これは、マシーナリーウイルスの能力一つで、その名をPersonal linkというものだ。
Personal link通称P-LINKとは、マシーナリーウイルスの適合者や、特殊な人間同士の意思の疎通を可能にする力――精神感応に近い能力である。
これには個人差があり、適合者や強制者の中でもP-LINKに特化した者や、ウイルスによる機械化――装甲の強度などの差が出てくる。
パロマは他のウイルス保持者よりもP-LINKの適正が高かったのだろう。
それと、才能の追跡官連合憲兵総局の局長であるリプリント・イーストウッドに直談判し、マシーナリーウイルスのさらに体内に注入したことで、彼女の感応力が上がっていたのだ。
「えッ!? 昨日の人たちがここに来ているのッ!?」
「あぁ、もしかしたら、タイニーテラーと手を組んでいるのかもしれん」
「でもそれだと、なんでタイニーテラーさんはわざわざアタシたちに帝国が来たって知らせてくれて、その後に襲わせたの? そんなまどろこしいことしないで、あの立ち飲み屋のときに襲えばよかったのに」
たしかにそうだ。
――と、パロマは思う。
だが、それ自体がタイニーテラーの狙いだとしたらと、彼女は思考を巡らせていたが。
「今は考えるよりも非戦闘員の保護を優先する。急ぐぞ、リズム」
「だねッ! タイニーテラーさんが悪いことを考えてるなら、アタシたちが捕まえちゃえばいいもんね」
「簡単に言ってくれる……。お前のその楽観的なところは、すでにサイコパスの域だな」
「誰がサイコパスだよ! こんなときにふざけないでッ!」
冗談の延長だと受け取って怒ったリズムだったが、パロマは本気そう彼女のことをサイコパスだと思っていた。
それは、いつでも前向きなことを言うことや、彼女の持つ行き過ぎた利他的精神構造からだ。

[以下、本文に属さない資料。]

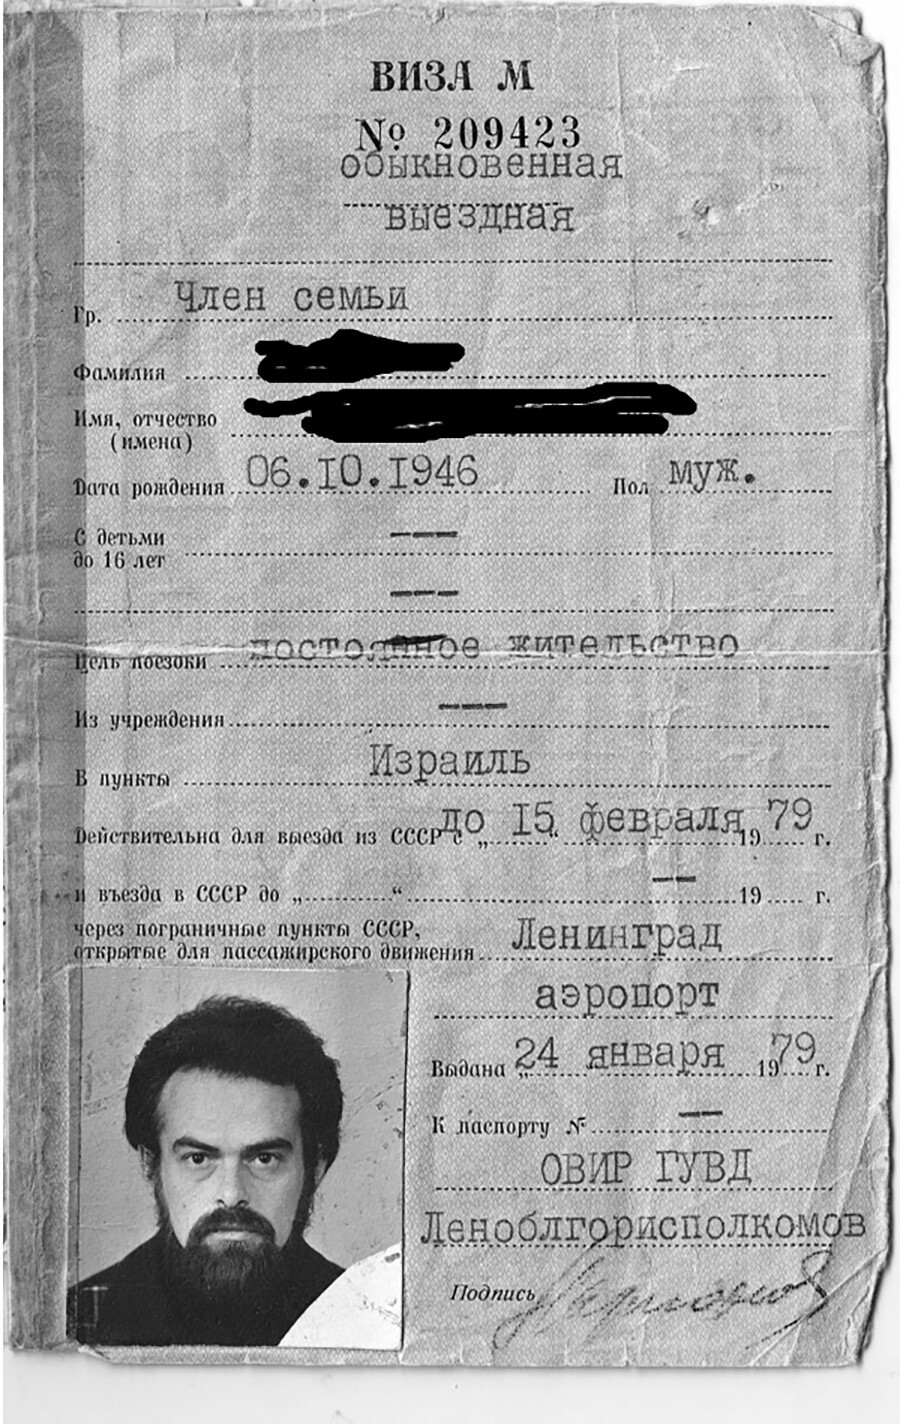 Un visto d'uscita sovietico del secondo tipo (che permette cioè di lasciare l'URSS in modo permanente)

しかし、そういうリズムだからこそ、幼い頃に凄惨な戦場で衛生兵的の立場にいれたのだろうが。
パロマがそんなことを考えていると、突然女性の悲鳴が聞こえてきた。
その叫び声は食堂のほうからだった。
二人は行き先を受付から食堂へと変更。
そして、辿り着くとそこには――。
「やはりこっちへ来たか……。リズム·ライクブラック、それとパロマ·デューバーグ」
二人の男女が職員たちと共いた。
男はハリネズミのようなツンツンヘアに、髪の色は黒に赤いメッシュ。
そして、女のほうは銀髪の毛先が軽くカールしているミディアムヘア。
タイニーテラーが言っていたストリング帝国軍大尉――ネア·カノウプスといたと聞いた二人が立っている。
背格好や顔を見るに、リズムやパロマとそう変わらない少年少女だ。
「あなたたち……何をやっているのッ!」
声を張り上げたリズム。
先ほどとは別人の形相で叫んだ彼女の見た光景は、皆殺しにされた職員たちの屍の山だった。